Shortage expected as poll workers age



CLEVELAND (AP) -- Josephine Wramp can't remember a time when she didn't work an election.
"I really like it and feel it is my civic duty," said Wramp, 83.
She became a poll worker after getting interested in politics when Ralph Perk ran for Cleveland mayor in 1971. On Nov. 2, she will work at the Snow Road branch of the Cuyahoga County Public Library.
Boards of elections count on mainstays like Wramp, but poll workers are aging and there are fewer nonworking spouses to take their place. Nationwide, the average age of a poll worker is 72, according to the U.S. Election Assistance Commission.
Though officials do not expect problems finding workers in November, they believe it is only a matter of years before there are shortages. So they are seeking workers from the private and public sector and schools.
"I don't want to sound crass, but poll workers are passing on," said Michael Sciortino, president of the Ohio Association of Election Officials and director of the Mahoning County Board of Elections. "And the advent of the new machines might scare workers off."
In Ohio, four people -- two from each political party -- work each precinct.
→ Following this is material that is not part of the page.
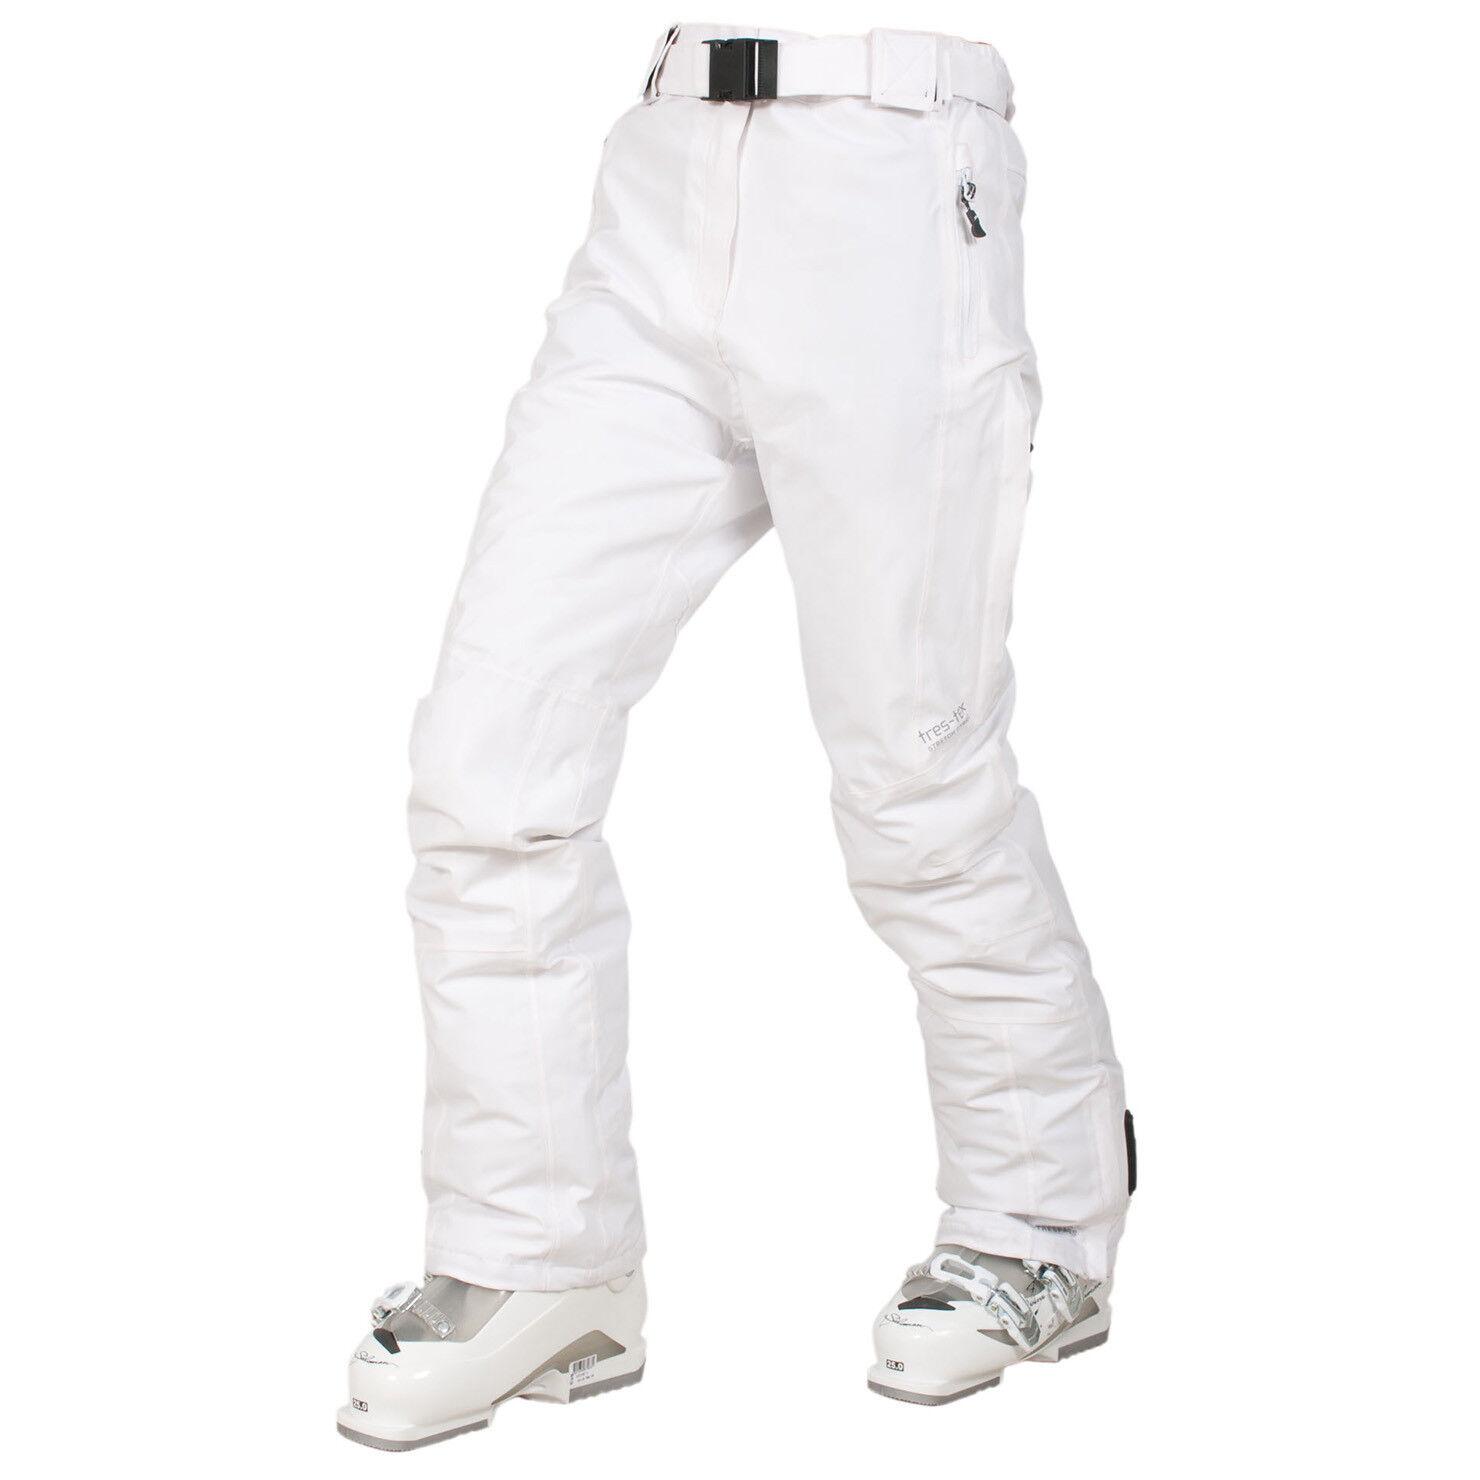 TRESPASS Ski Pants XL UK16 White TP100 Waterproof Windproof  RECCO RescueSolitude  free shipping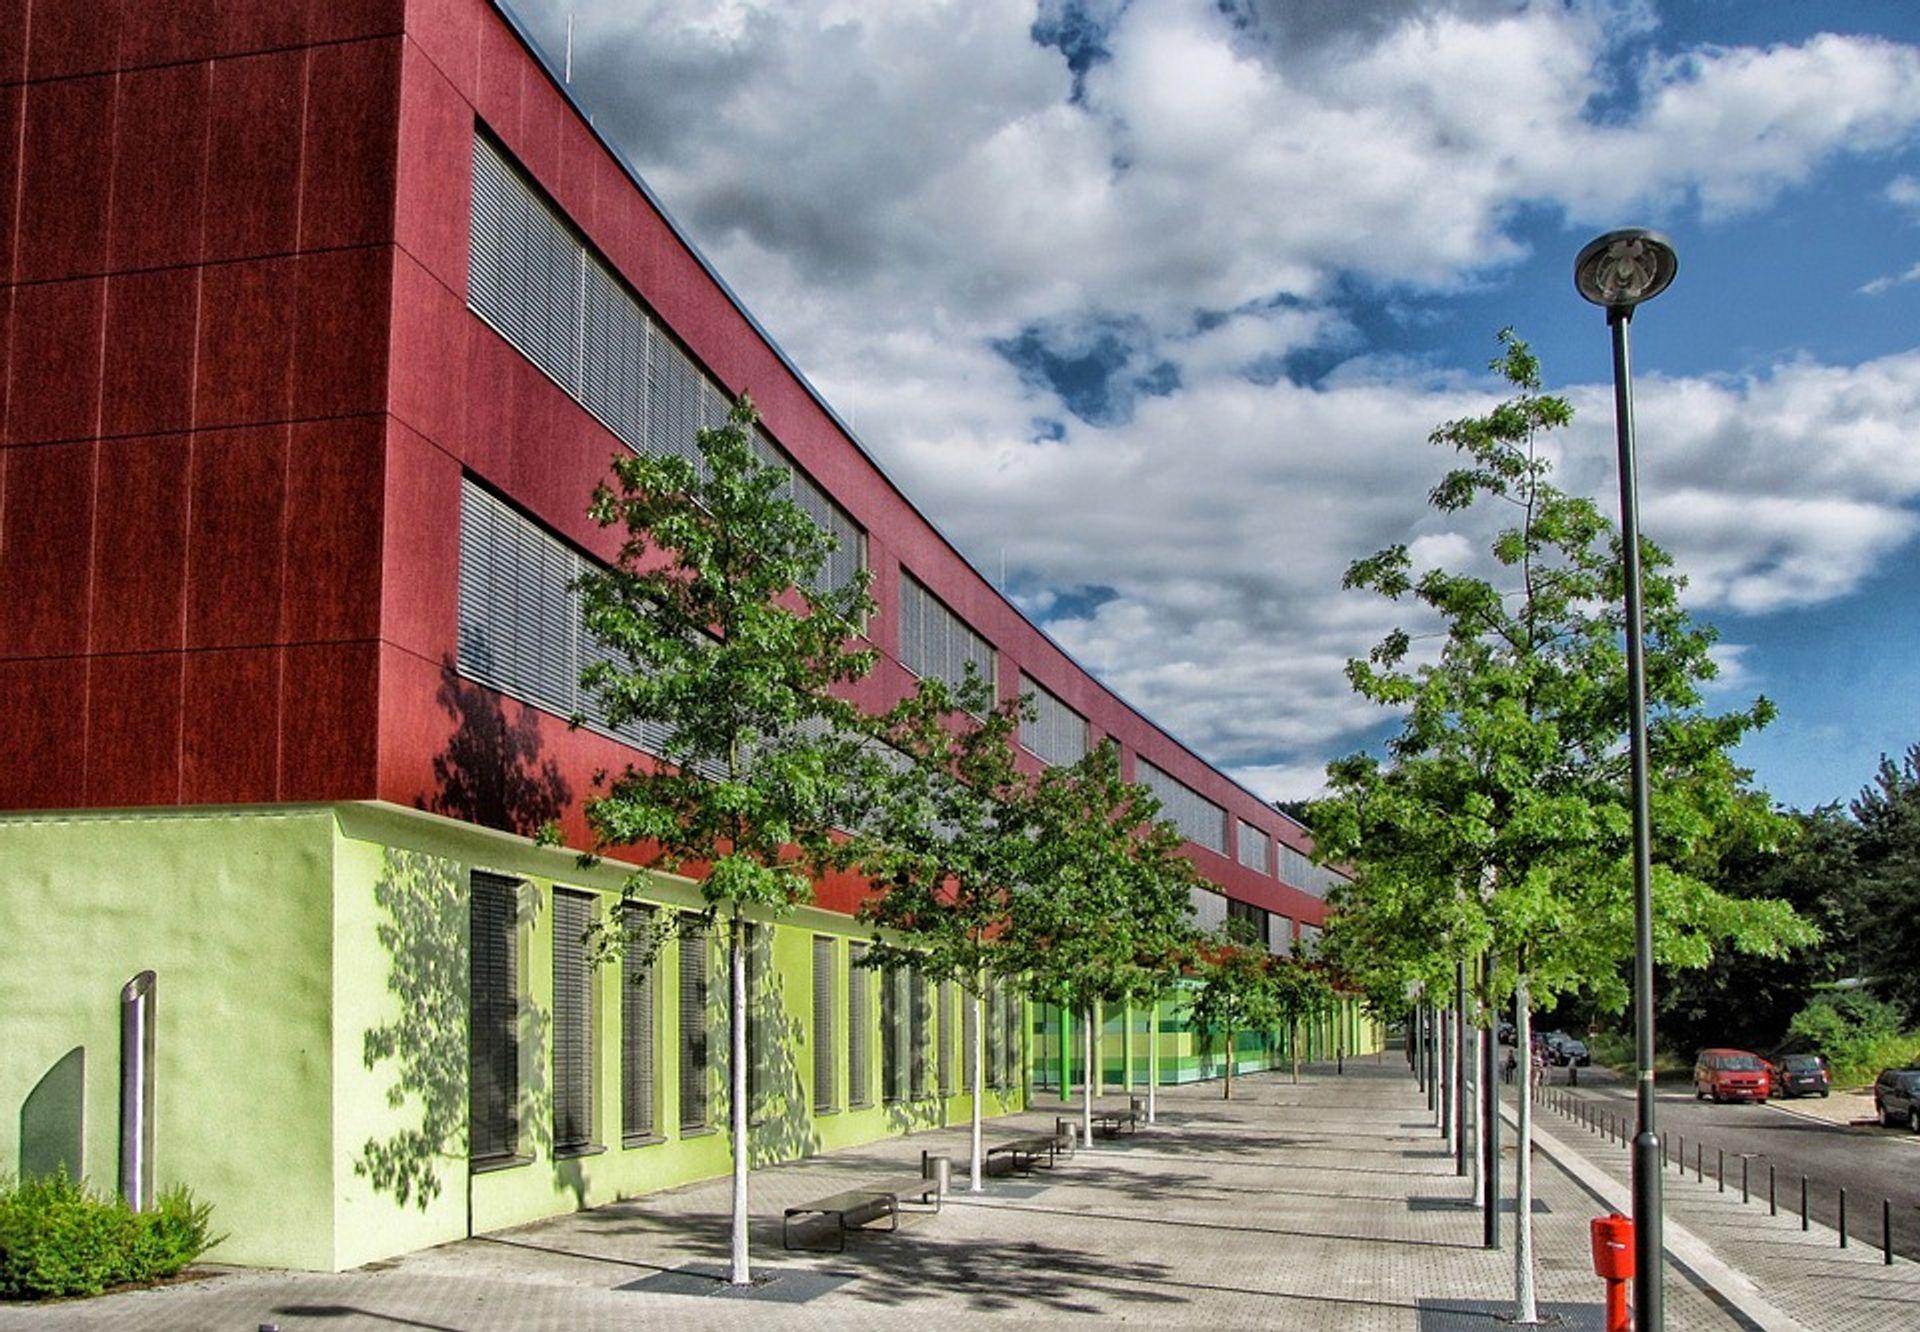 Anticimex Kammerjäger in Darmstadt

They arrive about 6 a.m., leave about 8 p.m. and are paid $95.
What's being tried
State legislators have recognized the upcoming decline in workers by passing a law that allows state agencies and municipalities to give employees a paid day off if they work the polls.
Bryan Williams, director of the Summit County Board of Elections, is among the first in the state to recruit using the law. Reaction has been mixed.
"You have the initial reaction of why should the public sector pay those people twice to be booth workers," he said.
Williams, who needs around 2,000 poll workers, has also asked private employers to establish a "Loaned Employee for a Day" program. There's been no response yet.
The Cuyahoga County Board of Elections, which will employ about 5,000 poll workers in November, is targeting another constituency, said Cynthia Ellis, community outreach program liaison.
She started a pilot program in Parma that had students work the polls as part of high school government classes. More than 800 students from 29 schools worked the March primary.
New workers who show up for the November and future elections will be rubbing elbows with old-timers like Wramp, who says she plans to take classes when the county computerizes voting.
"I'll stick with it," she said.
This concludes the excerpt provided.